Mahaley: I see vouchers as just one of the tools that they [Religious Right] use to dismantle a public institution, and schools aren’t the only public institution that they’re dismantling. They’re simultaneously dismantling the courts, and they’re simultaneously undermining faith in other public institutions. It’s all part of a long-range plan to galvanize the power and control that they are currently enjoying.

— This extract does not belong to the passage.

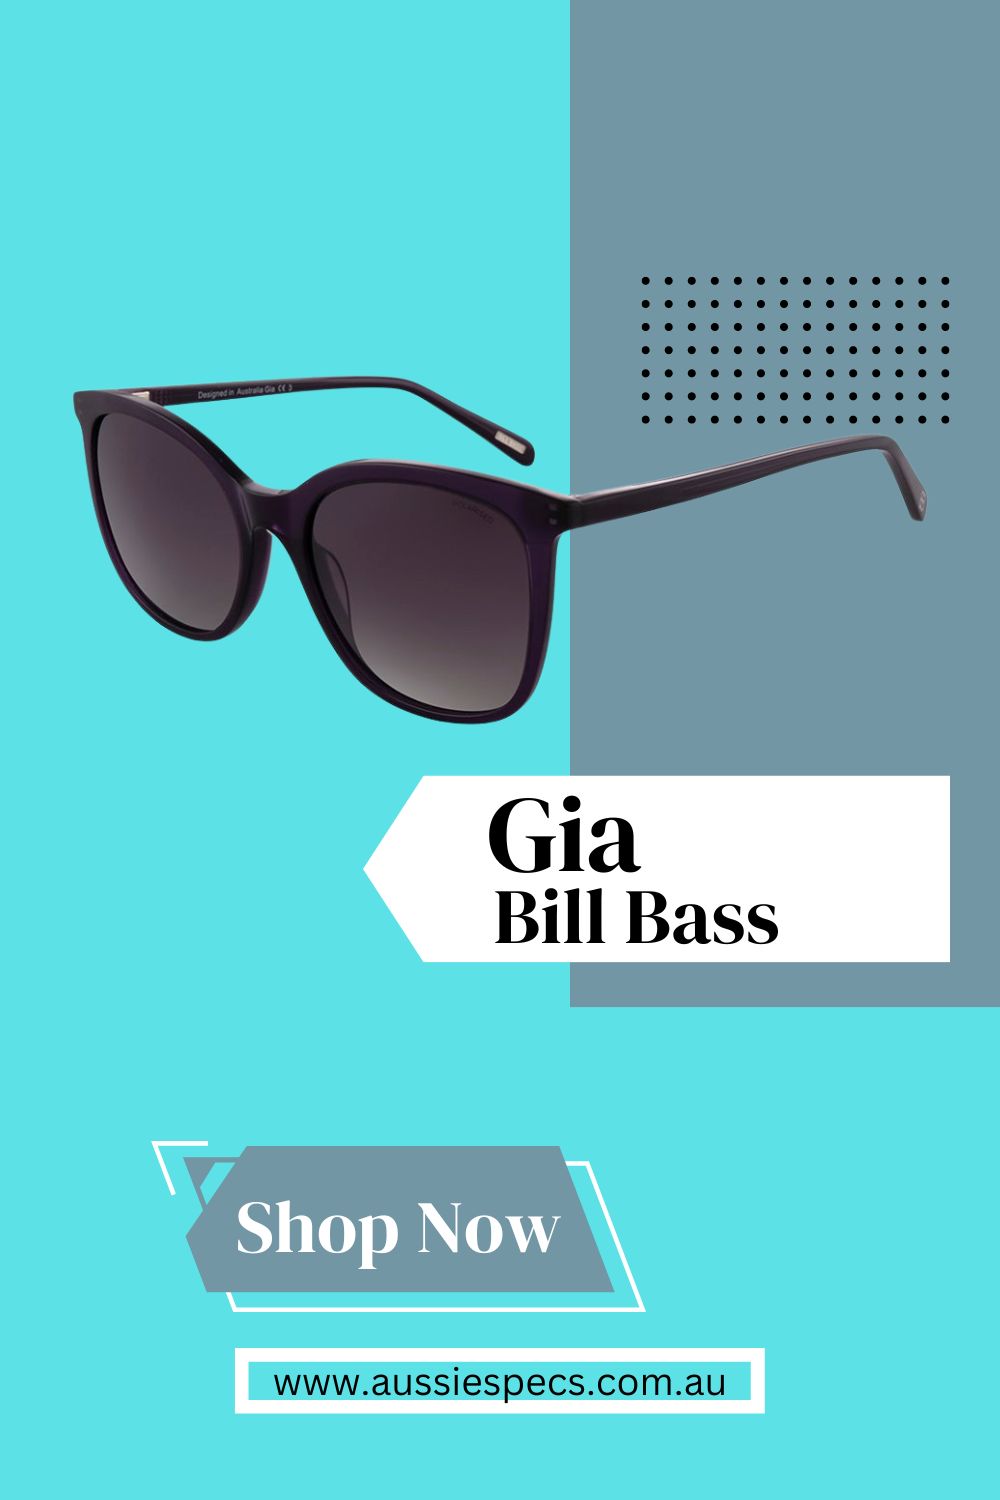 Bill Bass Gia | Buy Sunglasses Coffs Harbour

It’s really terrifying, but because of vouchers and because we’ve been able to really articulate a very good argument against vouchers, we can use that as a way of outlining the bigger picture. I think we have been successful in bringing together a very broad coalition of people who are willing to work against the radical right now. For example, the League of Women Voters has taken a strong position against school vouchers. We’ve got democracy organizations that are now taking stands against school vouchers because it’s been clear that it’s been an infringement of the First Amendment, and when you start chipping away at those rights, you can see how that undermines the democracy as a whole. I think that we are being effective in exposing [vouchers] as one particular method that the radical right is using in their broader arsenal of weapons to change our way of life in America.

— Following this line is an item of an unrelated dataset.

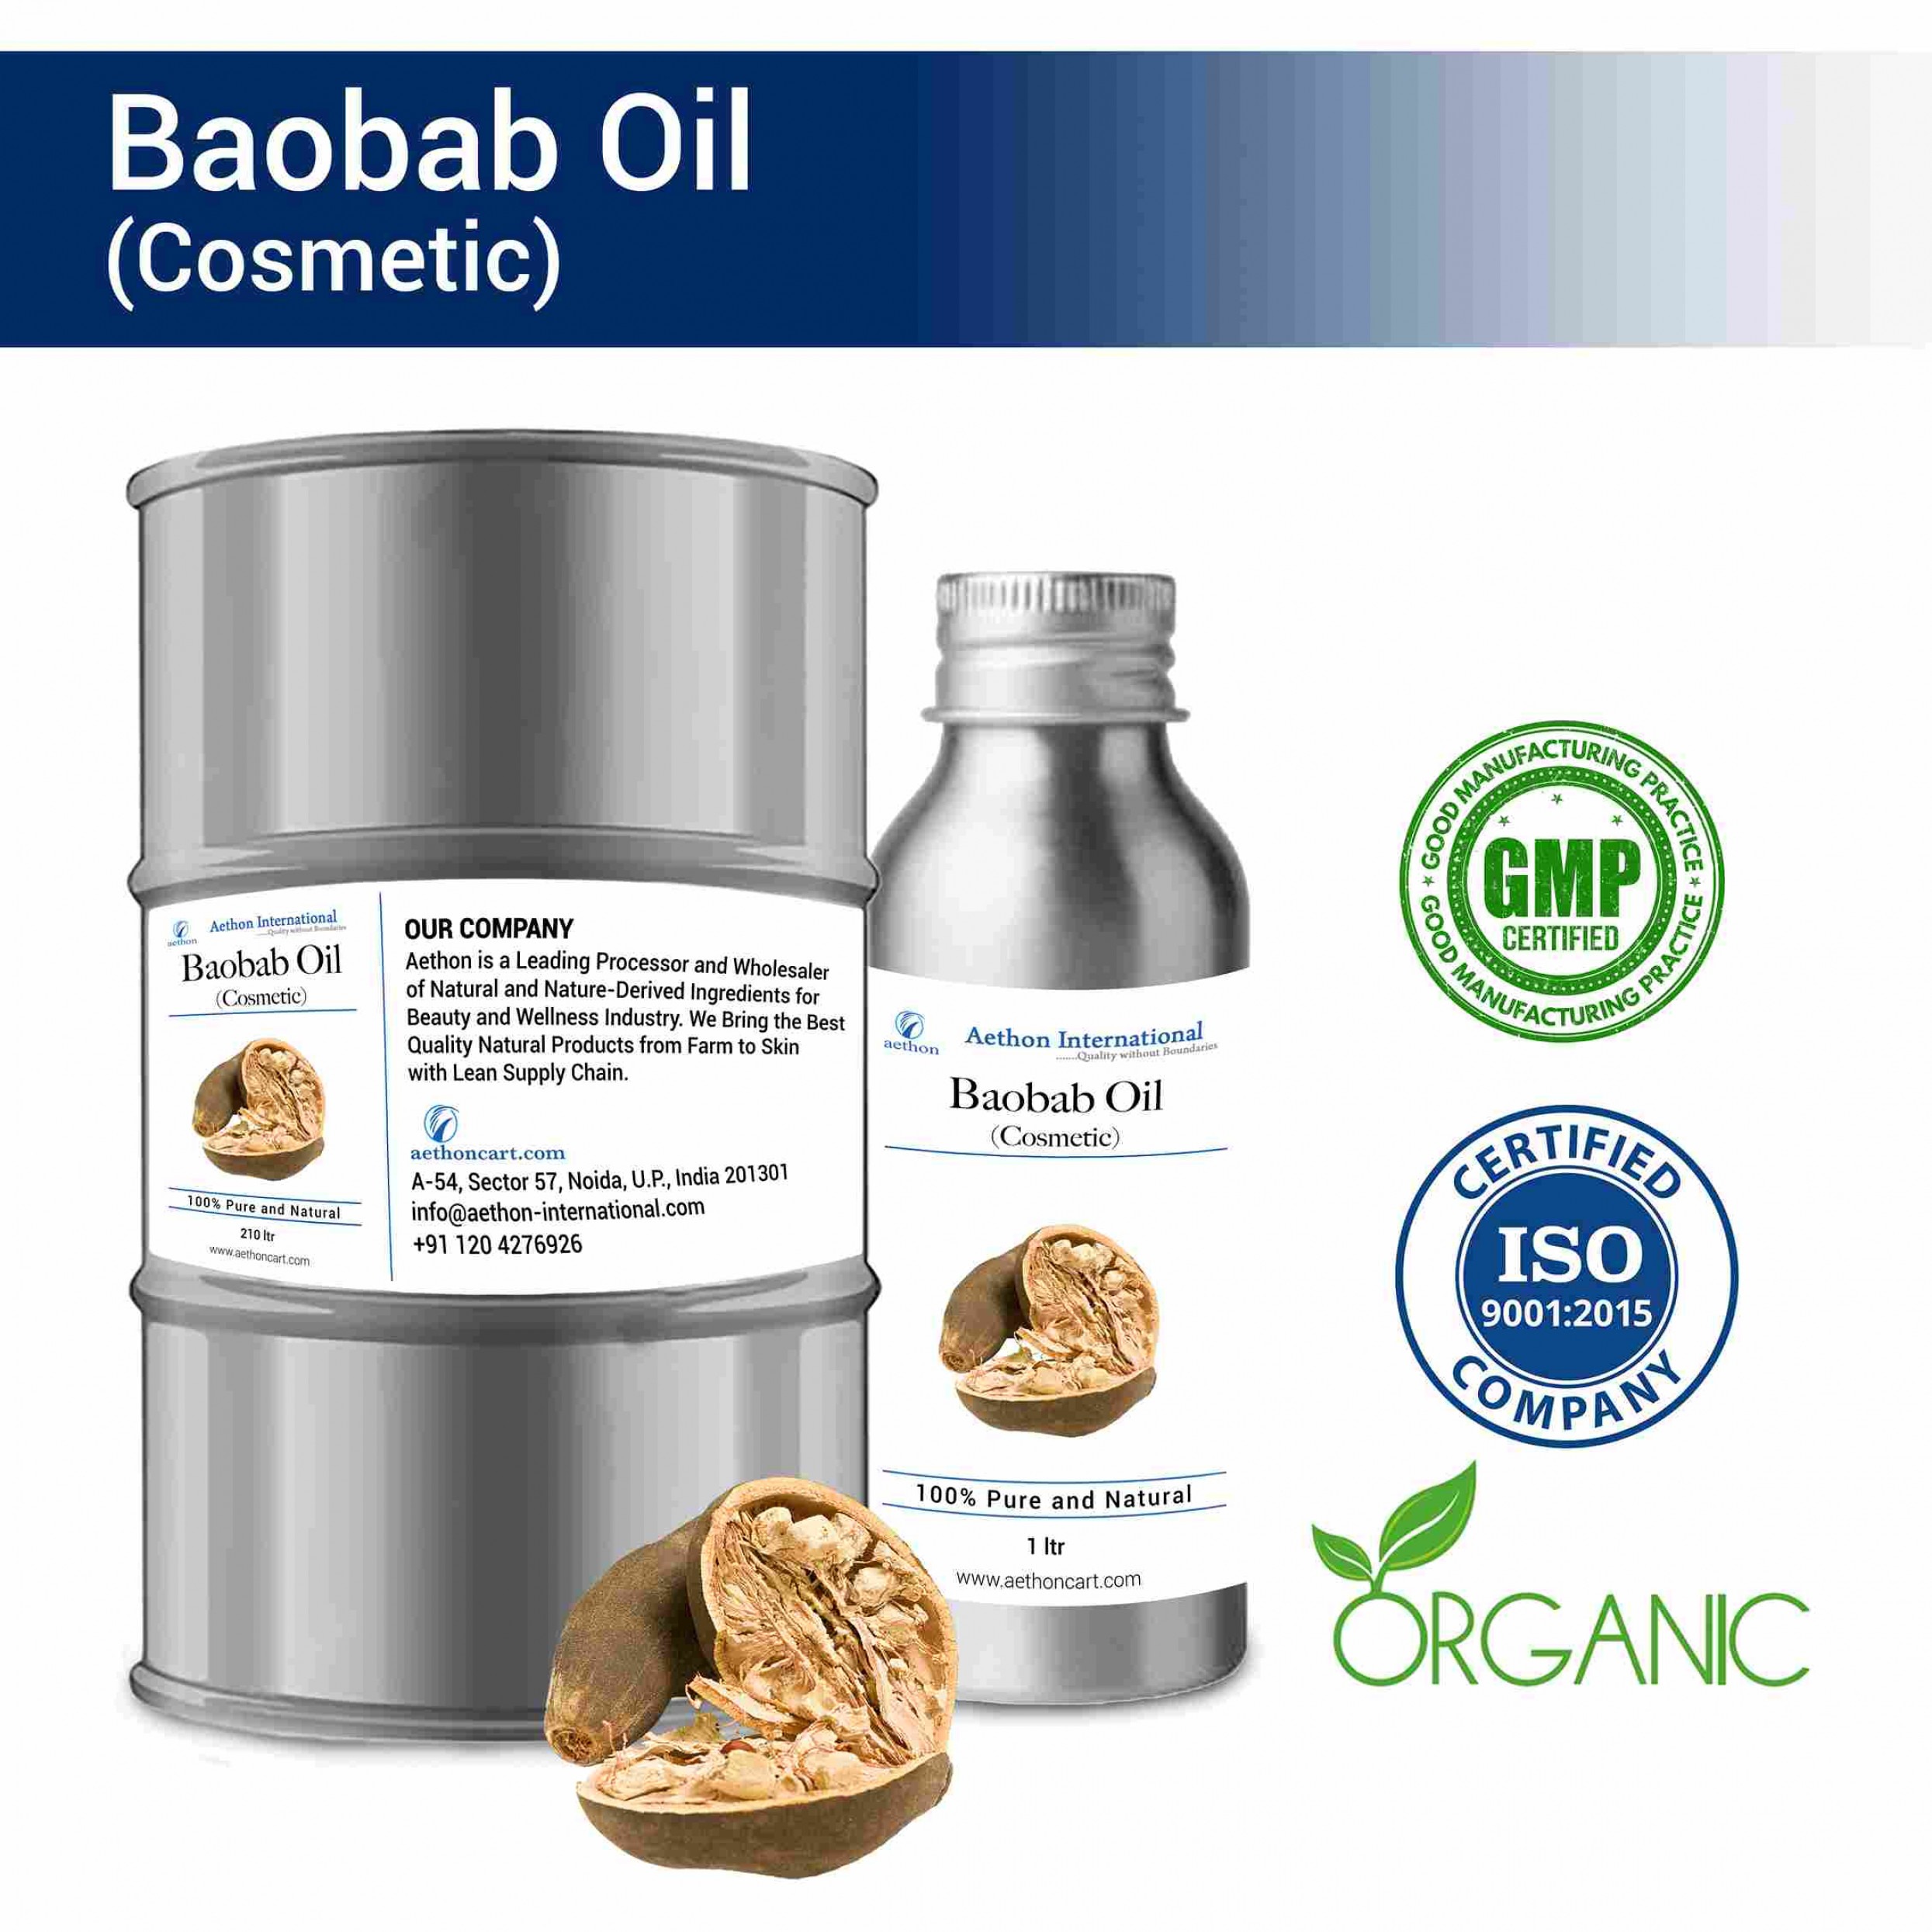 Baobab Oil (Cosmetic)

I’m really pleased to know that Texas has been able to resist having vouchers passed, and other Southern states in the Bible belt are starting to see it and pushing back, and I think that we’re building a broad coalition here in North Carolina to push back on it. The power here in North Carolina is so concentrated right now and so cemented that it’s really hard to stop anything, but we’re really starting to see it erode. I think we’re seeing some hope on the horizon.
Q: What do you think are some of the most pressing religious freedom/church-state separation issues we face on the national stage today?

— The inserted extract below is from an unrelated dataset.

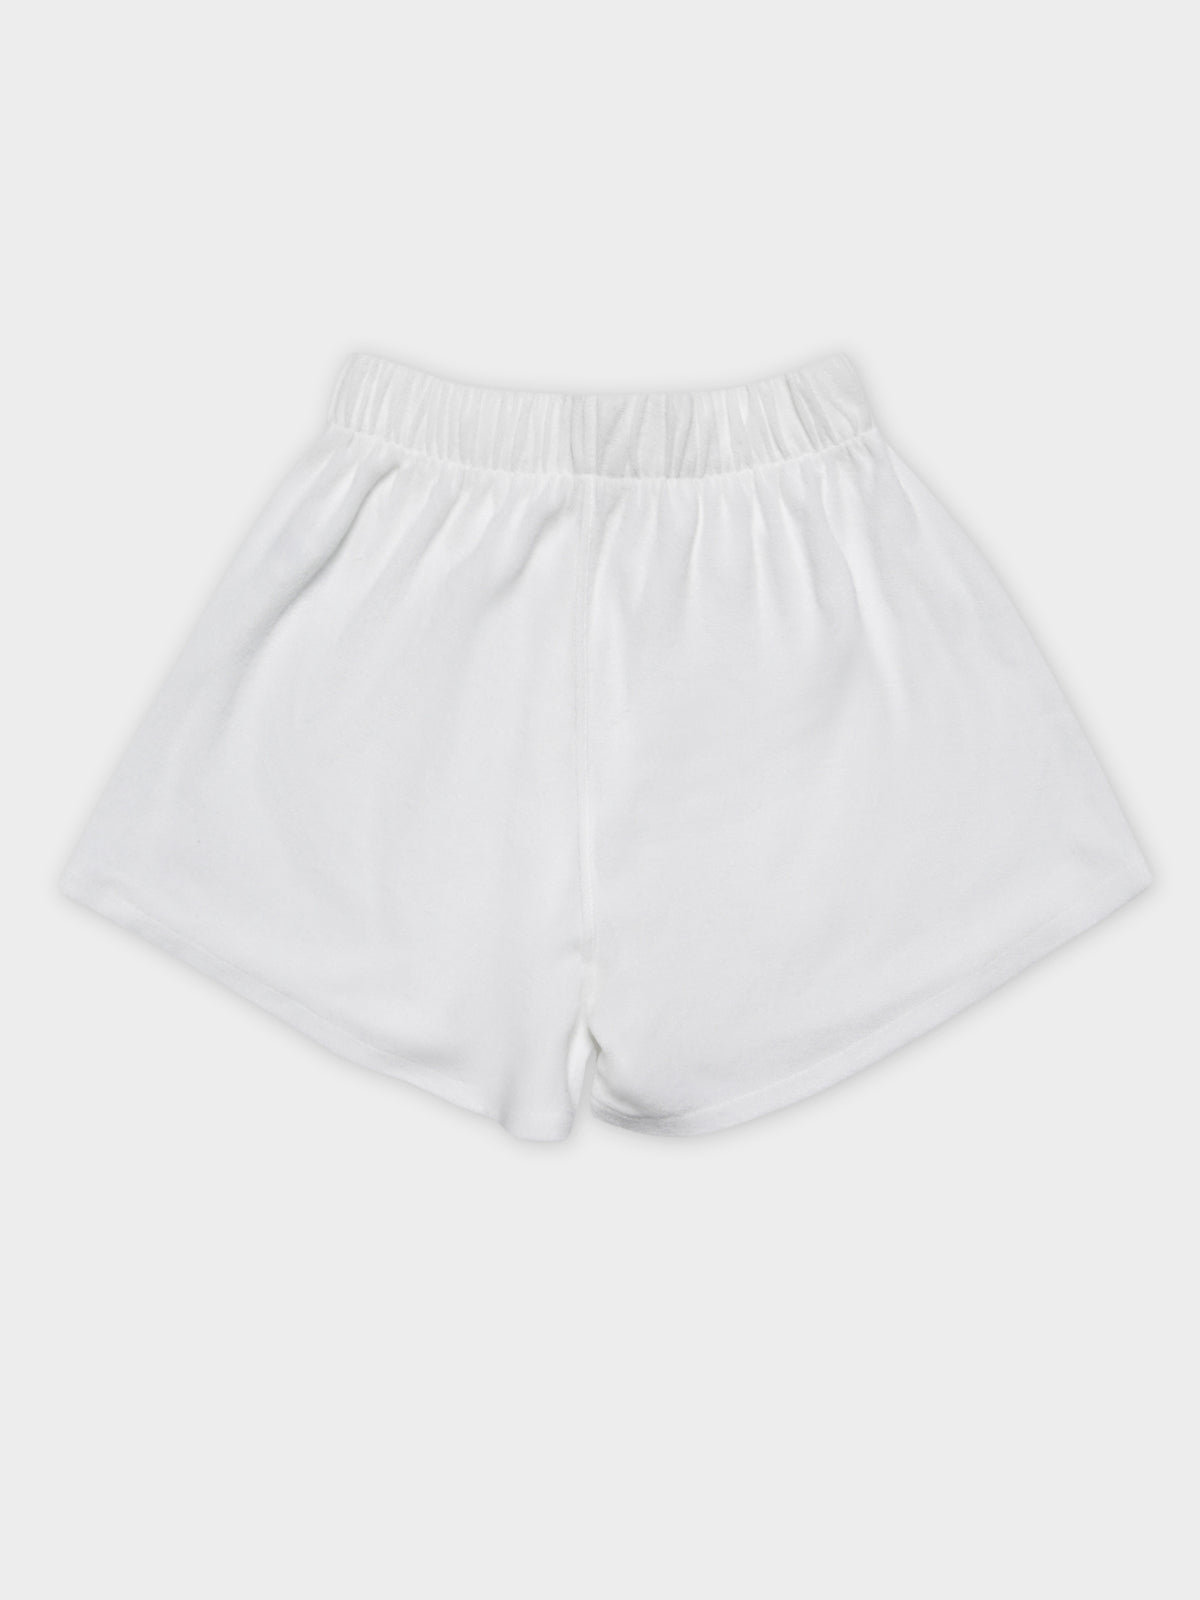 Havana Terry Beach Shorts in White

Mahaley: On the national stage, it’s like we’re in this bizarre land of Trump forming this unholy alliance with the Religious Right. He is propagating this notion that we are a Christian nation, and it’s such a hard thing to push back on when we’re also fighting so hard on so many issues every single day. It’s like we’re playing whack-a-mole with all these other issues. The undertone of all of this is because we’re a “Christian nation,” God will make it all right. And so it turns what really should be something very private and very sacred – literally sacred – it turns it into this kind of toxic, weaponized religion that people start pushing back on.
What’s really interesting for me is because I’m a Unitarian humanist and I’m a member of the American Humanist Association, since Trump got elected, it has made me even more committed to attending my services every week and to being more grounded in my Unitarian Universalist principles and to pull that community around me as part of my self-care plan.
Q: What has been the most rewarding part of your AU experience?
Mahaley: I have had the opportunity to network with people. I have been able to be at the table with the president of the North Carolina Association of Educators. I’ve been able to be at the table with the executive director of the North Carolina Council of Churches and more. It has just been a very rewarding experience to build coalitions with other people who have a similar worldview, and that worldview is that we are better off together and we have an obligation to one another to build a better world.
Q: Is there anything else you’d like to add that I haven’t touched on?
Mahaley: I think that it’s both a blessing and a curse for Americans United that we are a single-issue advocacy group. Seventy-one years ago, when Americans United was formed, it made sense to be laser-focused on a single issue because it would pop up that way, but because of the way the Religious Right has strategized and coordinated such an insidious scourge on the American democracy, it [church-state separation] has become intersectional with every other issue that there is.